Ice Humanities is an emerging field of study that examines cultural, discursive, narrative, and creative dimensions of ice. To complement and augment the strong emphasis on natural science approaches to ice, and recognizing the complexity of human relationships with the cryosphere, “ice humanities” researchers show that glaciers, snow, permafrost, sea ice, and icebergs are as much cultural and social as about the physical characteristics of ice, temperature, and precipitation.
What’s more, the way societies represent and discuss ice produces power, which helps certain social groups—and extractive capitalist systems—at the expense of others. Understanding the human and cultural dimensions of ice helps illuminate social-environmental systems more broadly, while also offering context and direction for climate mitigation and adaptation.

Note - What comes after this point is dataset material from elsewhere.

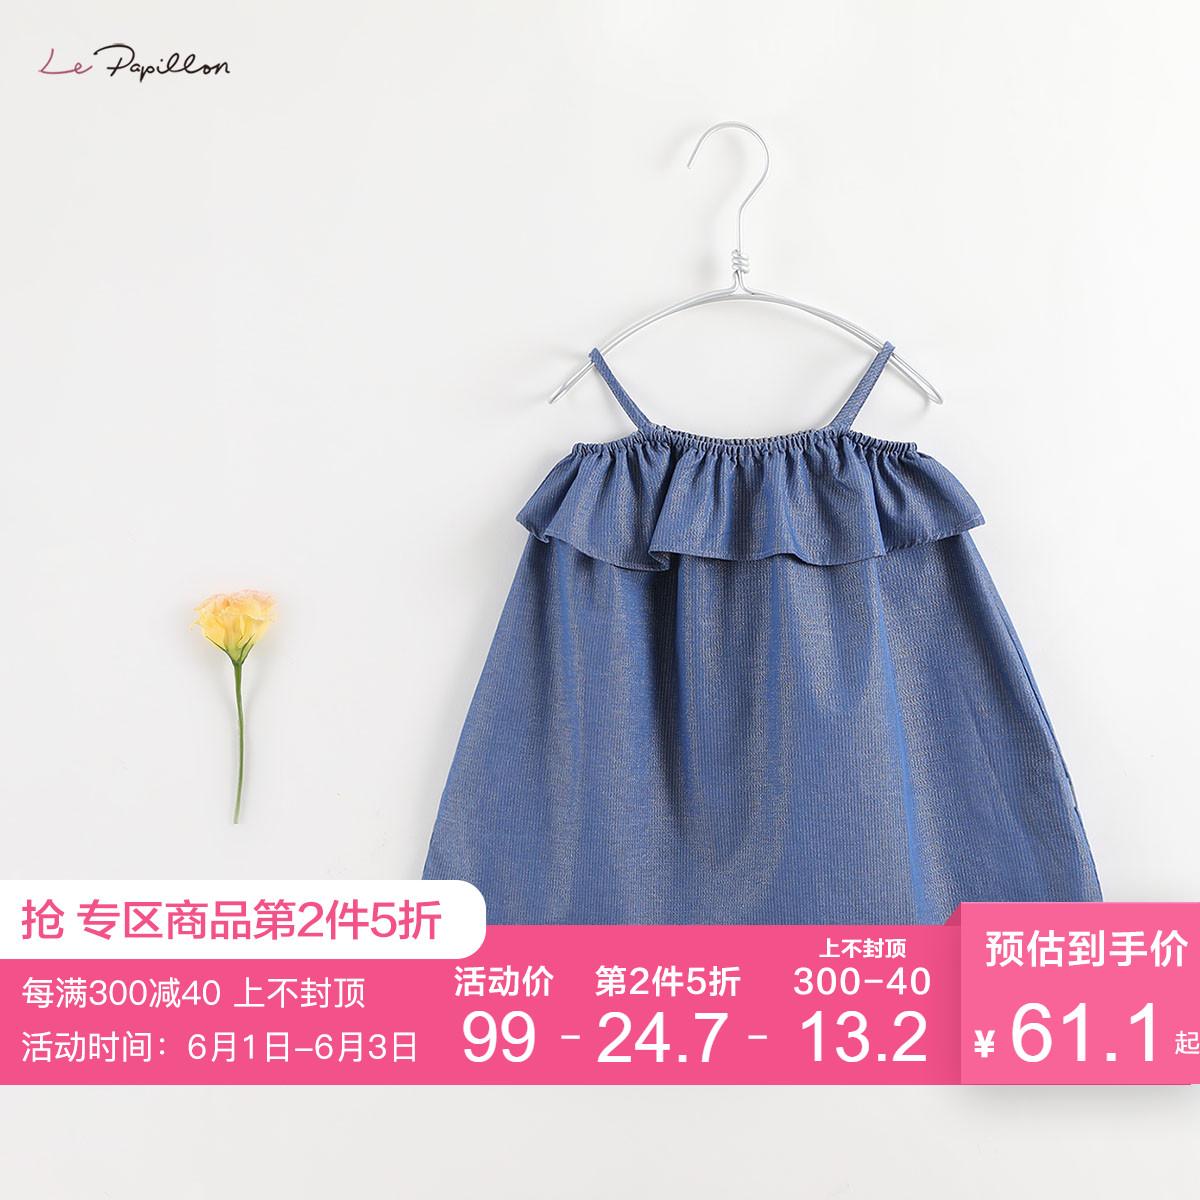 【马克珍妮 法式系列】女童夏装吊带连衣裙 宝宝牛仔裙19725

Carey’s training in environmental history (History Ph.D. from UC Davis) forms a crucial dimension of and foundation for this environmental humanities work in the Glacier Lab, while geo-humanities is another approach that merges human geography with storytelling, culture, and the humanities. Overall, History — and the humanities more broadly — offers an often-overlooked way to examine climate change, the cryosphere, coasts and the ocean, and other human-environmental interactions.
Glacier Lab research has been working on these aspects of ice humanities for nearly two decades, especially since Carey’s 2007 article on “how glaciers became an endangered species” that showed the intersection of culture, power, and ice narratives.
Other selected ice humanities publications include:
Zachary Provant and Mark Carey, “Who is Killing the Glaciers? From Glacier Funerals to Glacier Autopsies,” Edge Effects (3 Nov. 2022).
Hayley Brazier and Mark Carey, “Boundaries of Place and Time at the Edge of the Polar Oceans,” in The Cambridge History of the Polar Regions, eds., Adrian Howkins and Peder Roberts (Cambridge, UK: Cambridge University Press, 2022), 726-748.
Mark Carey, Jordan Barton, and Sam Flanzer, “Glacier Protection Campaigns – What Do They Really Save?” in Ice Humanities: Living, Working, and Thinking in a Melting World, eds., Klaus Dodds and Sverker Sörlin (Manchester: Manchester University Press, 2022), 89-109.
Holly Moulton, Mark Carey, Christian Huggel, and Alina Motschmann, “Narratives of ice loss: New approaches to shrinking glaciers and climate change adaptation,” Geoforum 125 (2021): 47-56.
Mark Carey, “The Trouble with Climate Change and National Parks,” Forest History Today 23, no. 1 (Spring 2017): 57-67.